Startup Legal Talks (7)

How does Starbucks use "coffee bean stocks" to motivate employees? Detailed explanation of RSU's operation mode | Is it reliable to hold shares by all employees?

In the past, we have introduced six ways of employee equity incentives in two periods, of which RSU is the most interesting one. Today we will use an example to analyze how the restricted stock unit (RSU) works.

Open Starbucks' official website and you will see three side-by-side employee benefits, including Bean Stock, Stock Investment Plan, and Future Roast 401(k), The third of these is U.S. pensions, which are outside the scope of our discussion today. Then the other two, coffee bean stock (Bean Stock) is actually restricted stock unit (RSU), and stock investment plan (Stock Investment Plan) is what we call Employee Stock Purchase Plan (Employee Stock Purchase Plan). What we will focus on today is the coffee bean stock (Bean Stock) or RSU.

I also found the introduction about Bean Stock on Starbucks Chinese official website.


https://starbucksbeanstock.com/zh/about-bean-stock-cn/

Starbucks' Bean Stock (RSU) is very favorable, most companies are four years, but Starbucks is two-year maturity. (Vest can be translated as mature or vested) Suppose a total of 10 shares of RSU, which is 10 coffee beans. After one year of working, half of the employees are mature, that is, 5 shares, and the other 5 shares are not mature.

For example, on the first anniversary of the closing price of $60, the employee's total pre-tax earnings would be $300.

5 shares x $60 = $300

But everyone knows that taxes in the United States are very high, and RSUs are all taxed on W2 salary income, not capital gains. The personal income tax in the United States is also super progressive. It depends on each person's situation, so let's assume that if the tax rate is 35%, that is, the tax should be $105.

$300 x 35% = $105

The company has to withhold and pay taxes in advance and then distribute it to the employees. Up to now, there is no cash in this link, so where will it be withheld and paid? It's a direct deduction of a portion of the stock. Because the stock must be a whole number, Starbucks will deduct two of the employee's coffee beans as tax withholding, and the remaining three shares will be deposited into the employee's stock account. But note that the two coffee beans are actually worth $120, and the tax to be paid is actually only $105, so Starbucks will refund the employee $15 in cash after deducting the two coffee beans.

So now the employee has 2 of the 5 mature coffee beans to pay the tax, received a refund of $15 in cash from the company, and kept 3 coffee bean stocks in his hand. Next, just wait for the day when Starbucks stock goes up and sell it and realize it.


This RSU operation method of Starbucks is also used by most large technology companies now.


As for the other stock investment plan (Stock Investment Plan), I did not find the official introduction of the Chinese version. I looked at the official website of the English version. This kind of incentive method is only available to employees in the United States and Canada. Judging from the introduction in the English version, Starbucks only gives a 5% discount in the Stock Investment Plan, so this incentive is not very strong. The discount usually given in this way is not much, that is, a discount of 5% or 10%.

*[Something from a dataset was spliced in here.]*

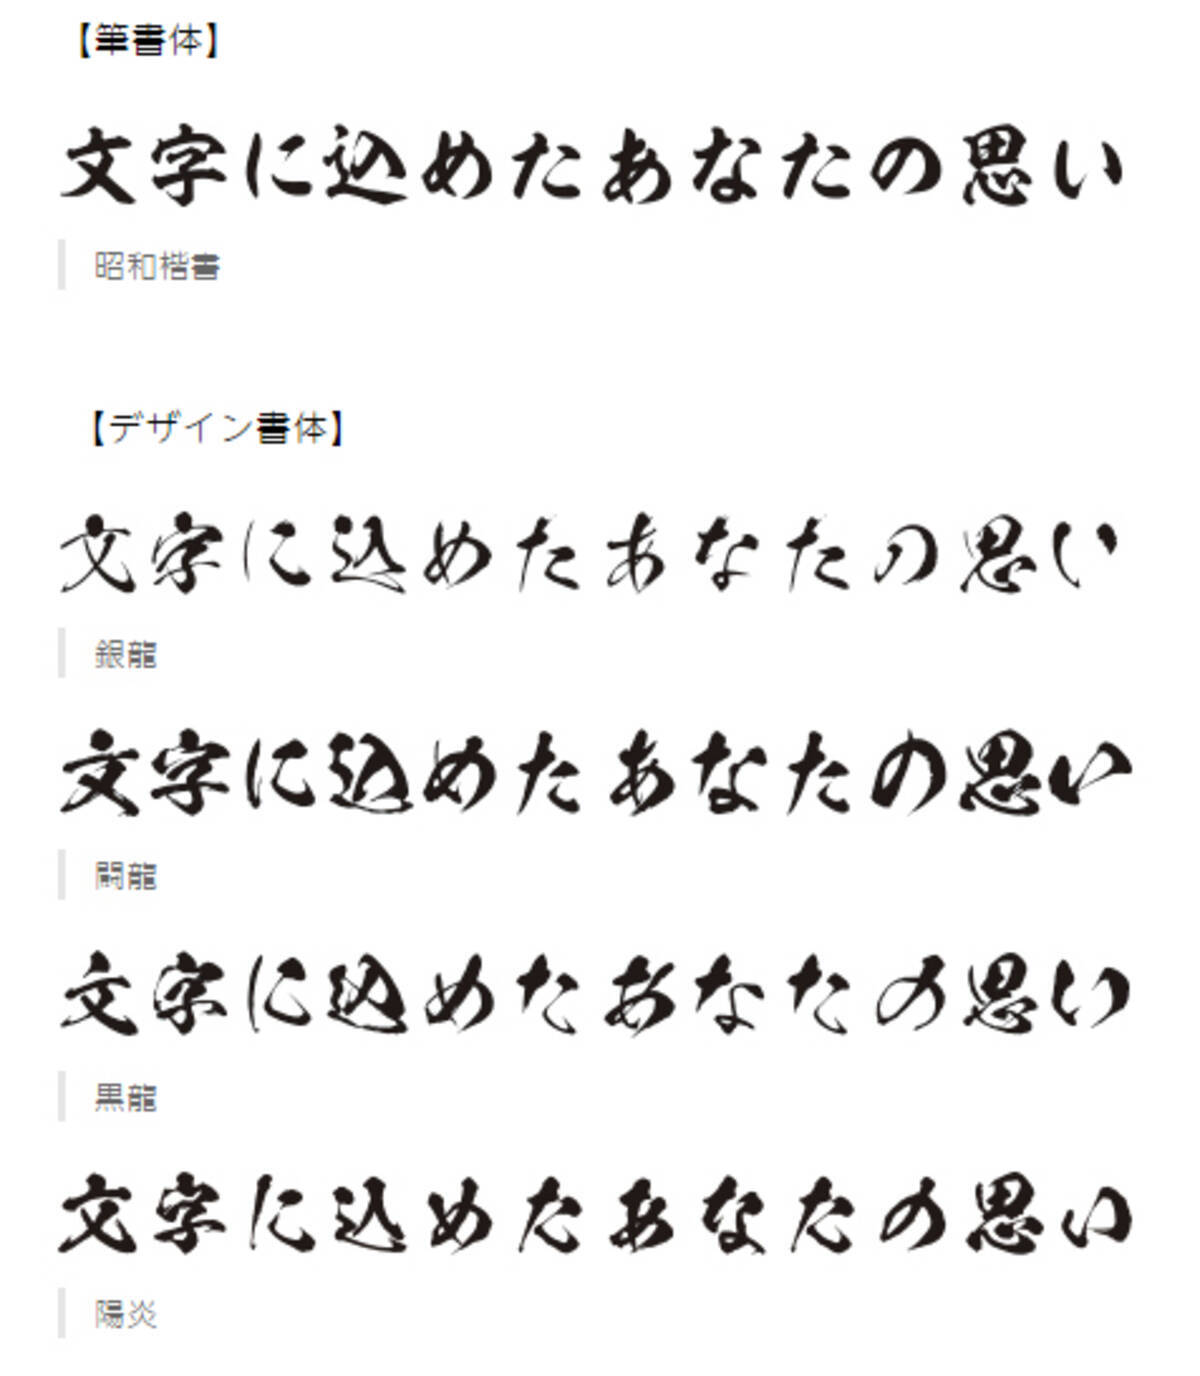 モリサワが昭和書体フォント5書体を提供開始 毛筆の大胆な かすれ を表現 16年7月5日 エキサイトニュース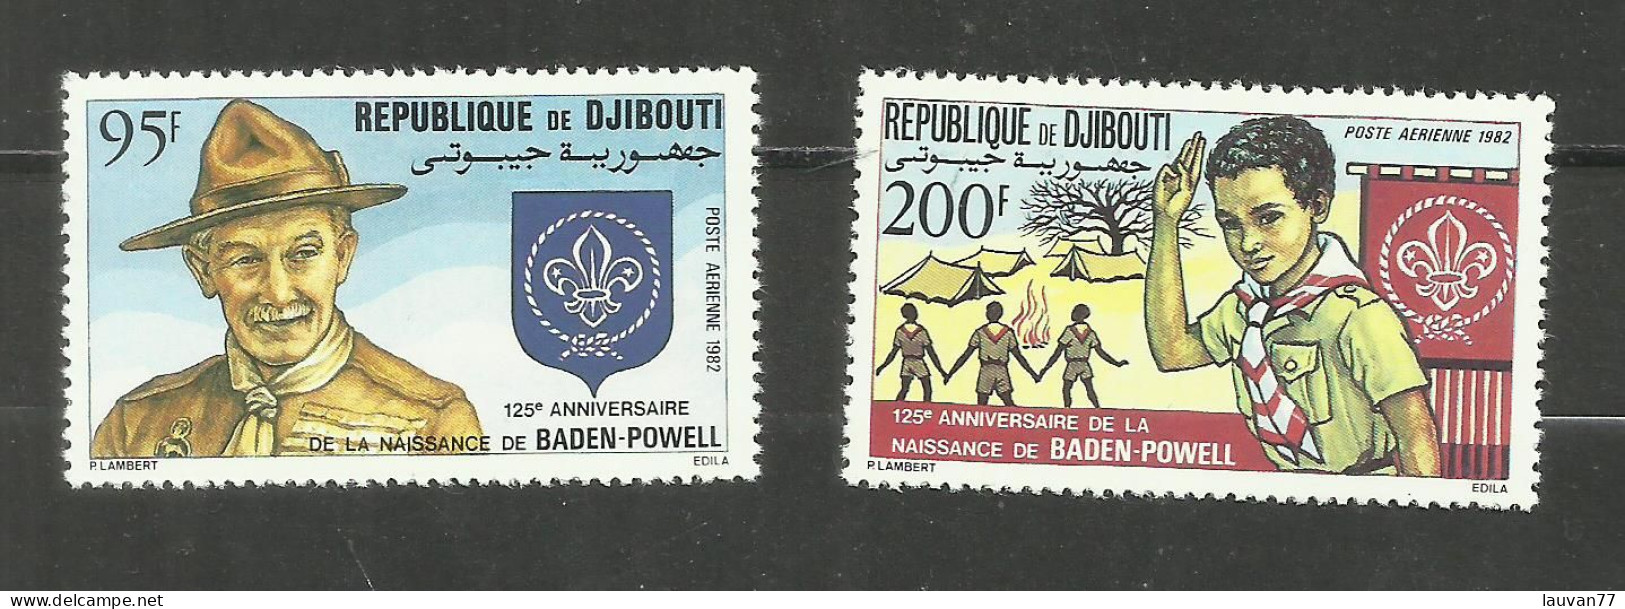 Djibouti POSTE AERIENNE N°169, 170 Neufs** Cote 5.70€ - Djibouti (1977-...)

https://www.starbucksbenefits.com/en-us/home/stock-savings/stock-investment-plan-sip/

After introducing Starbucks' employee incentives, let's think about a question. Now, "all employees hold shares" are popular in the entrepreneurial circle, but is it really good for all employees to hold shares? The benefits of full stock ownership are of course obvious, because it can make employees more motivated. But if all employees really hold company stock, then the following problems may arise:

1. Legal and accounting costs have risen, and companies need corresponding professionals to draft and organize these documents and deal with corresponding accounting and tax issues. Not only the distribution of employees when they join the company, but also the handling of immature parts when each employee leaves, all require lawyers and accountants.

2. When everyone holds shares, employees will not care about the company's shares, causing the company to waste their feelings in vain.

3. Old employees can enjoy the stock options or options they have already acquired, and they can make money by relying on stock options without working hard. At this time, there is no other way than dismissing them.

Therefore, I still recommend to everyone that the company must have employee equity incentives, but it must be selective. It is not necessary for all employees to have stocks, options, and virtual shares once they join the company. It is better to let really suitable people get incentives, so that rewards and punishments are clearly defined. It is the core of motivating employees.

Among them, there is a concept valuation in all these employee stock incentive methods. If a company wants to raise VC financing, it also needs to consider the valuation, so how is the valuation determined? In the next issue, we will talk about the valuation of the company.